Chatterton has been forgotten before. In 1992, she came forward publicly to accuse Vincent Kennedy McMahon, the iron-willed owner of the WWF, of raping her in the summer of 1986. However, the statute of limitations for rape had already run out by then, so no charges were brought against McMahon. What’s more, the accusation came out while the WWF was mired in a number of unrelated scandals, and it got lost in the shuffle.

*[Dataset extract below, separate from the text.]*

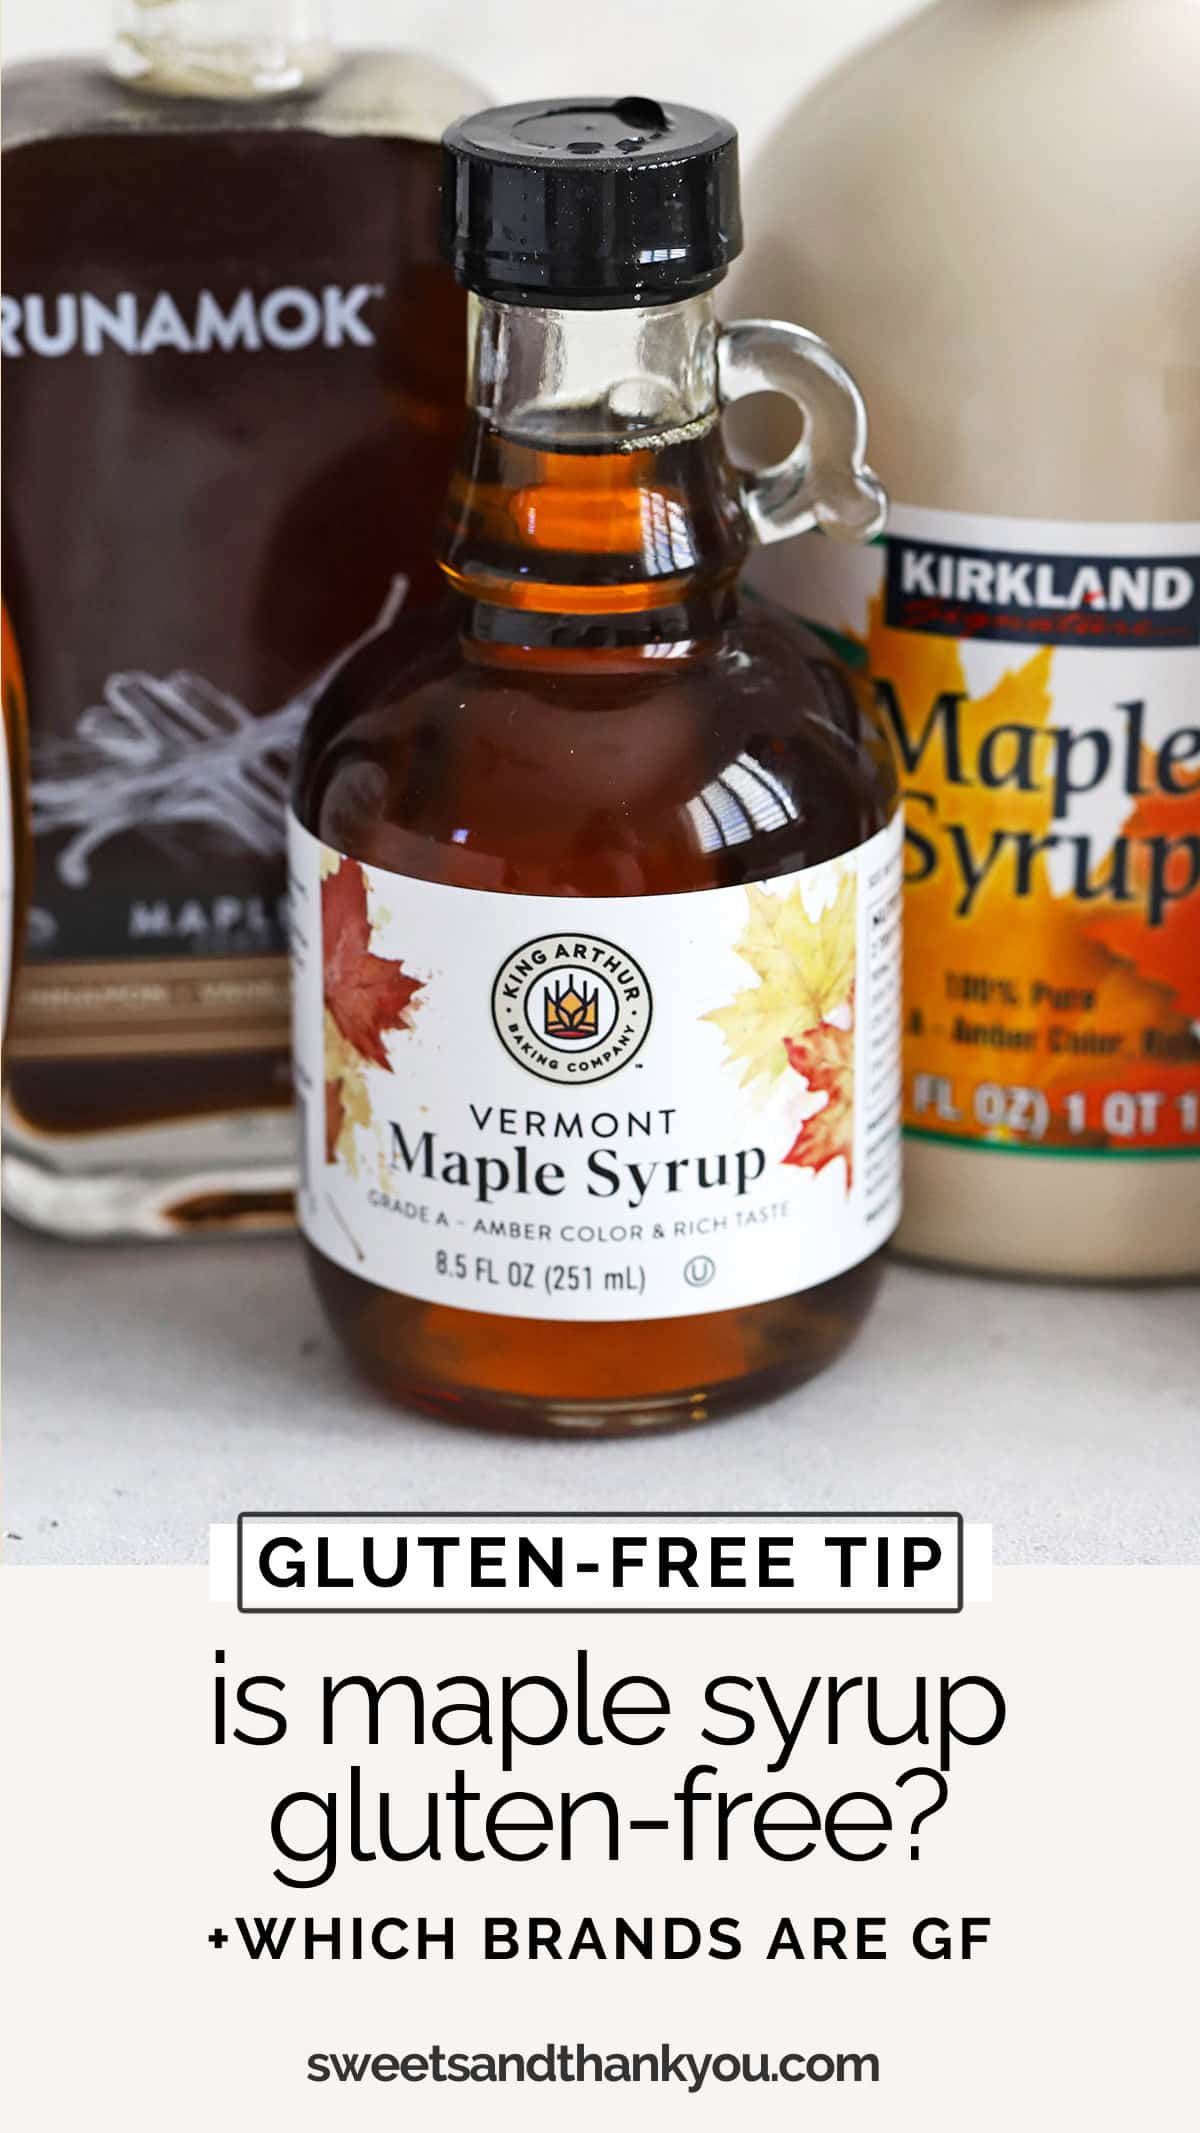 Is Maple Syrup Gluten-Free? We'll walk you through everything you need to know about gluten-free syrup, gluten-free pancake syrup and more! // is pancake syrup gluten free / is pearl milling syrup gluten free / is log cabin syrup gluten free / is mrs. butterworth syrup gluten free / is hungry jack syrup gluten free / is pure maple syrup gluten-free / is syrup gluten free

Since then, her story was whispered about and occasionally cited by wrestling journalists bold enough to risk earning McMahon’s ire. But such occasions have been rare. The reporters’ reticence had been understandable, and not just because they fear McMahon. The bigger problem has been that no one would come forward to speak on the record.

That’s starting to change. In June, The Wall Street Journal reported that McMahon had paid millions of dollars of his own cash to silence women he had sexual relationships with while they worked for him. In the wake of the report, McMahon stepped down as chairman and CEO of the company, letting his daughter, Stephanie, replace him in the interim — although it’s unclear how much power he has actually ceded.

The news so disgusted Leonard Inzitari, a former professional wrestler, that, in a conversation with me, he did something no wrestler ever has: corroborated the allegation that McMahon raped Chatterton. “I remember it like it was yesterday,” says Inzitari. “She was a wreck. She was shaking. She was crying.”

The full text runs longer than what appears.